The red curve is the distribution of the t-statistic with df=78, the histogram is what using the Welch t-test on exponential samples gets you (under the null of equal mean; the actual Welch-Satterthwaite degrees-of-freedom in a given sample will tend to be a little smaller than 78). In particular, the tail areas in the region of your significance level should be similar (unless you have some very unusual significance levels, they are). Remember, this is at $n=40$, not $n=500$. It's much better at $n=500$.

Note, however, that for actually exponential data, the standard deviation will only be different if the means are different. If the exponential presumption is the case, then under the null, there's no particular need to worry about different population variances, since they only occur under the alternative. So a equal-variance t-test should still be okay (in which case the above good approximation you see in the histogram may even be slightly better).


2) Taking logs may still allow you to make sense of it, though

If the null is true, and you have exponential distributions, you're testing equality of the scale parameters. Location-testing the means of the logs will test equality of logs of the scale parameters against a location shift alternative in the logs (change of scale in the original values). If you conclude that $\log\lambda_1\neq\log\lambda_2$ in a location test in the logs, that's logically the same as concluding that $\lambda_1\neq\lambda_2$. So testing the logs with a t-test works perfectly well as a test of the original hypothesis.

[If you do that test in the logs, I'd be inclined to suggest doing an equal-variance test in that case.]

So - with the mere intervention of perhaps a sentence or two justifying the connection, similar to what I have above - you should be able write your conclusions not about the log of the participation metric, but about the participation metric itself.


3) There's plenty of other things you can do!

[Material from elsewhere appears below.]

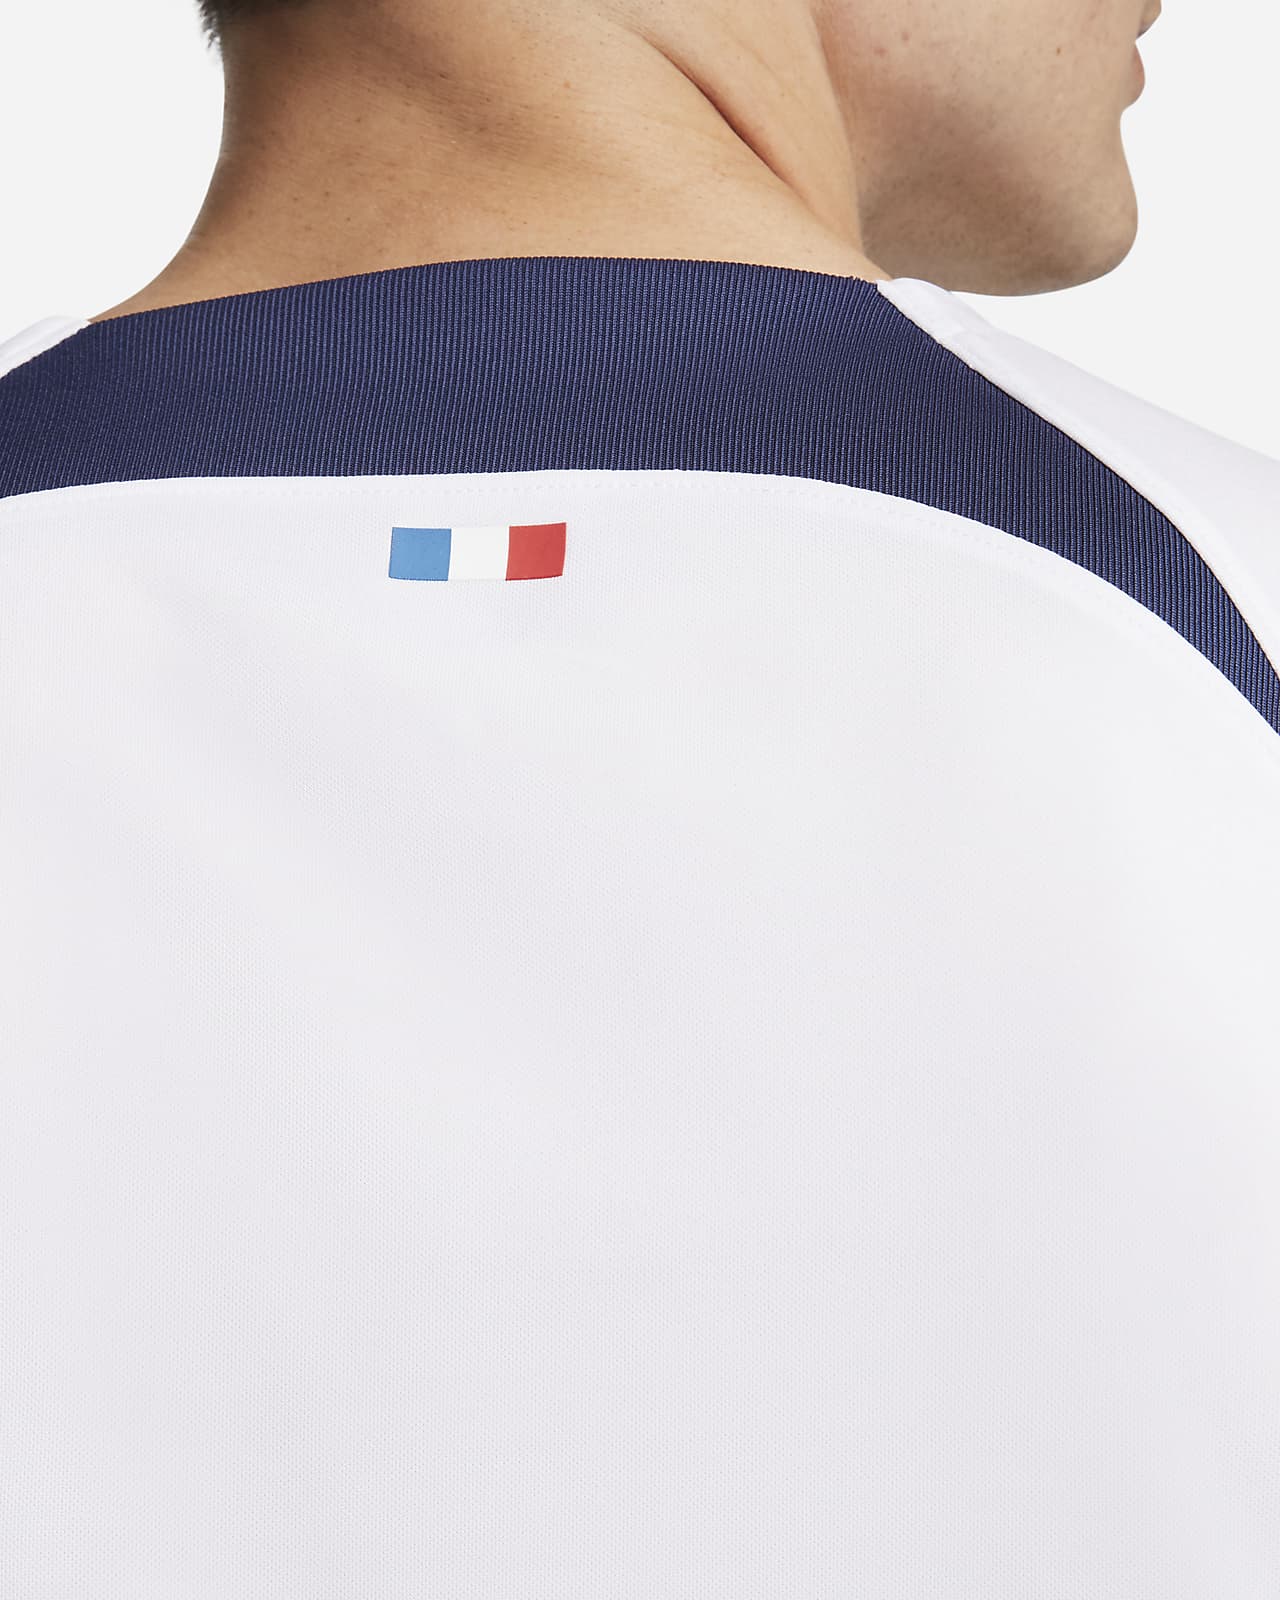 Nike Launch PSG 23/24 Away Shirt - SoccerBible

a) you can do a test suitable for exponential data. It's easy to derive a likelihood ratio based test. As it happens, for exponential data you get a small-sample F-test (based off a ratio of means) for this situation in the one tailed case; the two tailed LRT would not generally have an equal proportion in each tail for small sample sizes. (This should have better power than the t-test, but the power for the t-test should be quite reasonable, and I'd expect there not to be much difference at your sample sizes.)

b) you can do a permutation-test - even base it on the t-test if you like. So the only thing that changes is the computation of the p-value. Or you might do some other resampling test such as a bootstrap-based test. This should have good power, though it will depend partly on what test statistic you choose relative to the distribution you have.

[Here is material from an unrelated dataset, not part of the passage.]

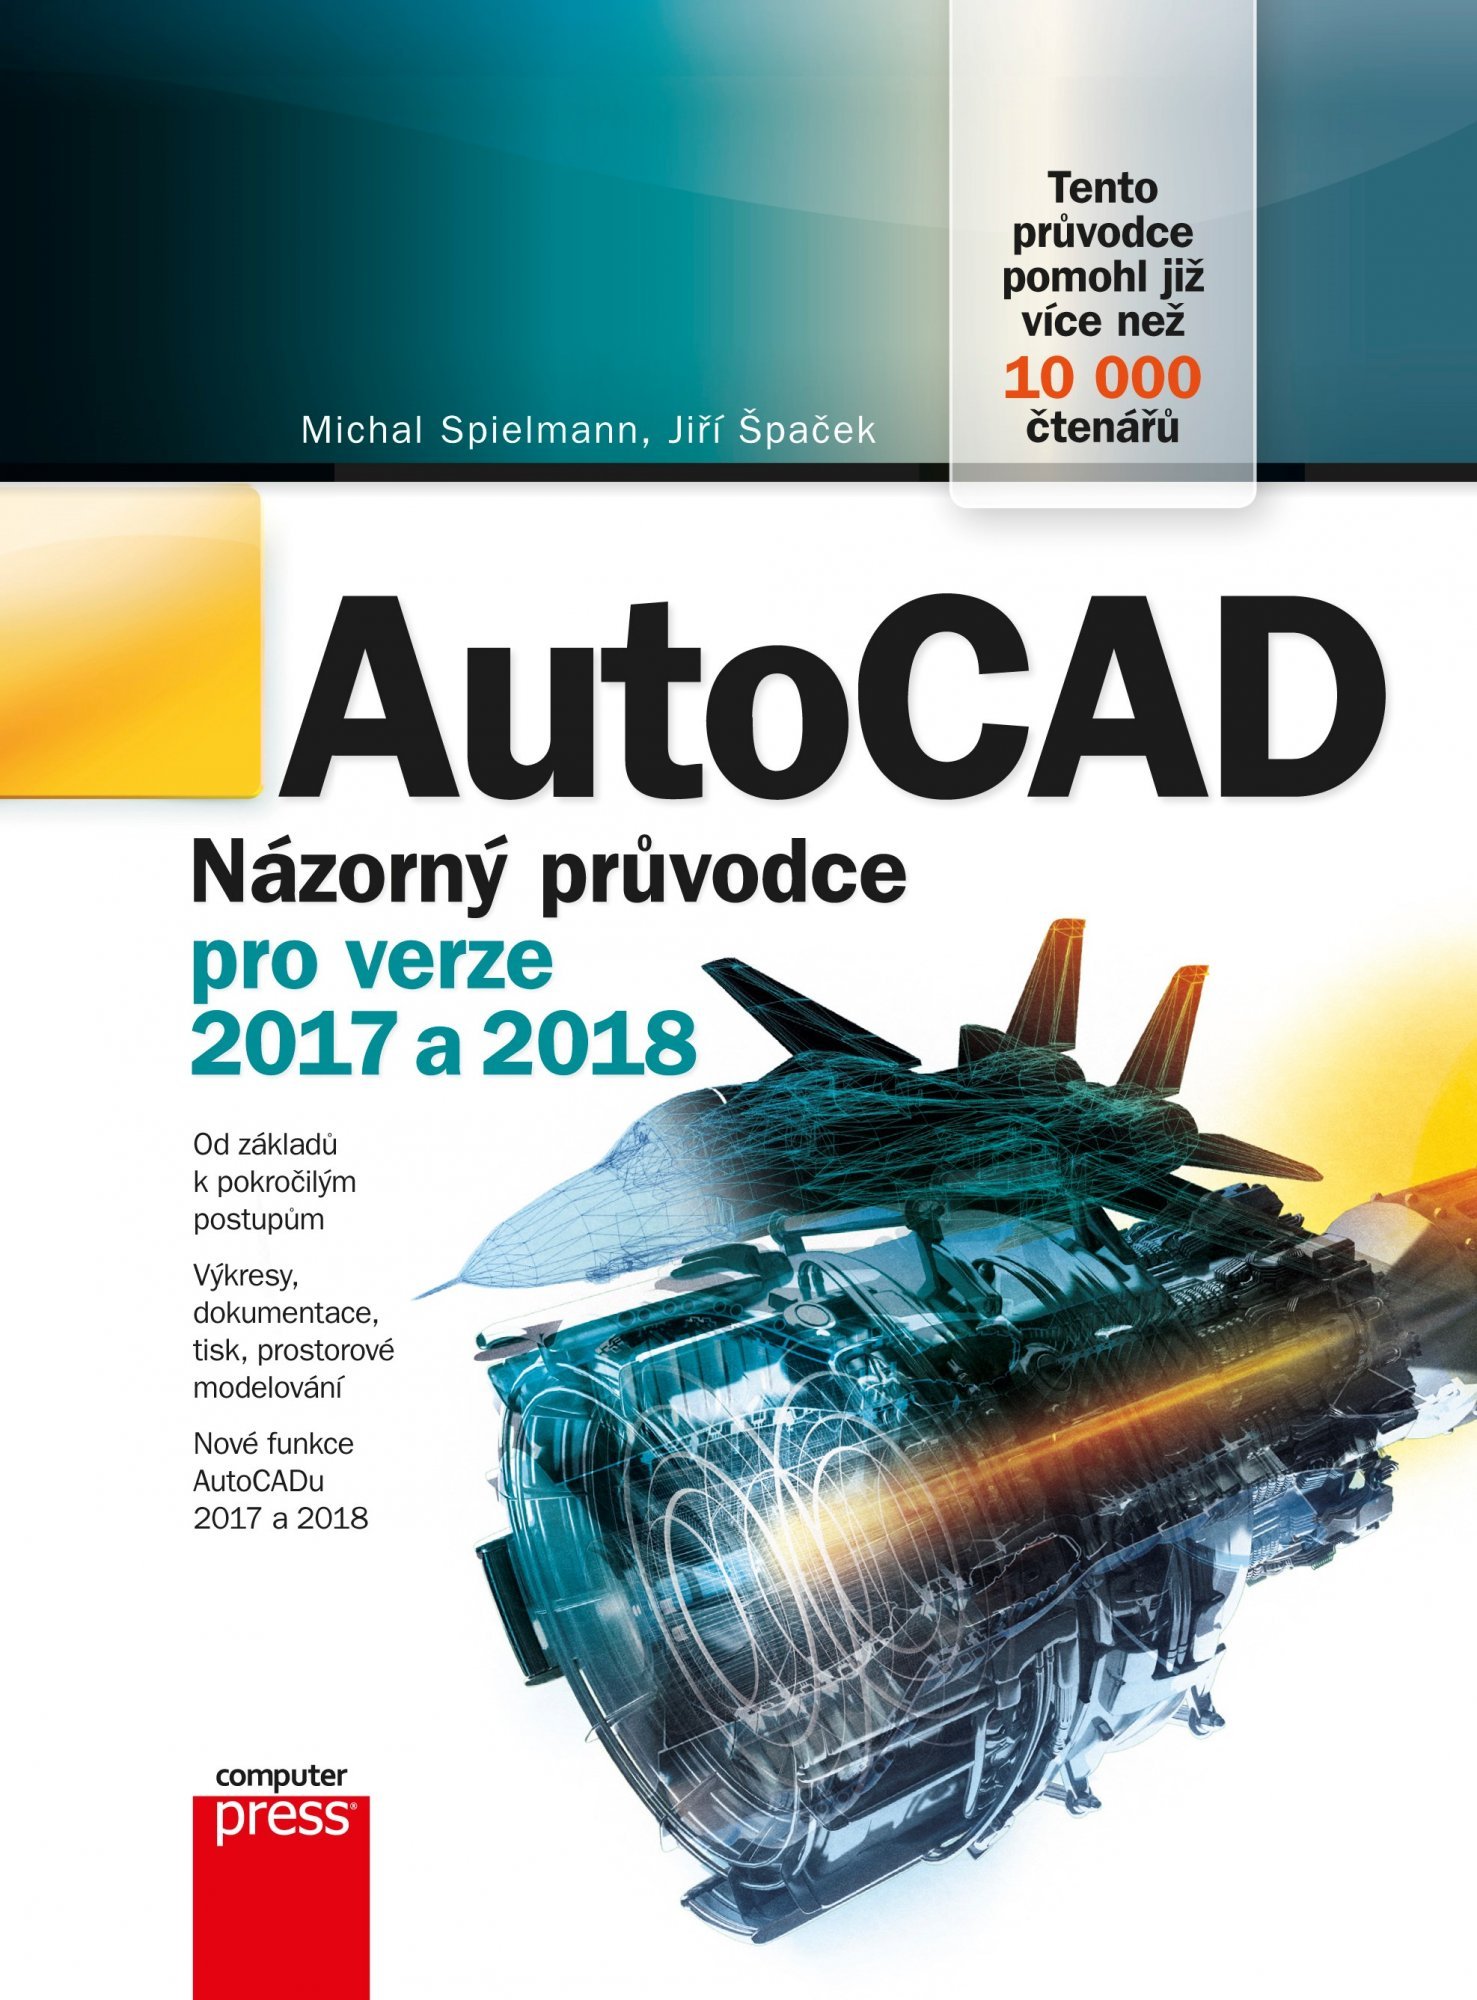 AutoCAD - Názorný průvodce pro verze 2017 a 2018 - Michal Spielmann

c) you can do a rank-based nonparametric test (such as the Wilcoxon-Mann-Whitney). If you assume that if the distributions differ, then they differ only by a scale factor (appropriate for a variety of skewed distributions including the exponential), then you can even obtain a confidence interval for the ratio of the scale parameters.

[For that purpose, I'd suggest working on the log-scale (the location shift in the logs being the log of the scale shift). It won't change the p-value, but it will allow you to exponentiate the point estimate and the CI limits to obtain an interval for the scale shift.]

This, too, should tend to have pretty good power if you're in the exponential situation, but likely not as good as using the t-test.


A reference which considers a considerably broader set of cases for the location shift alternative (with both variance and skewness heterogeneity under the null, for example) is

Fagerland, M.W. and L. Sandvik (2009),
"Performance of five two-sample location tests for skewed distributions with unequal variances,"
Contemporary Clinical Trials, 30, 490–496

It generally tends to recommend the Welch U-test (a particular one of the several tests considered by Welch and the only one they tested). If you're not using exactly the same Welch statistic the recommendations may vary somewhat (though probably not by much). [Note that if your distributions are exponential you're interested in a scale alternative unless you take logs ... in which case you won't have unequal variances.]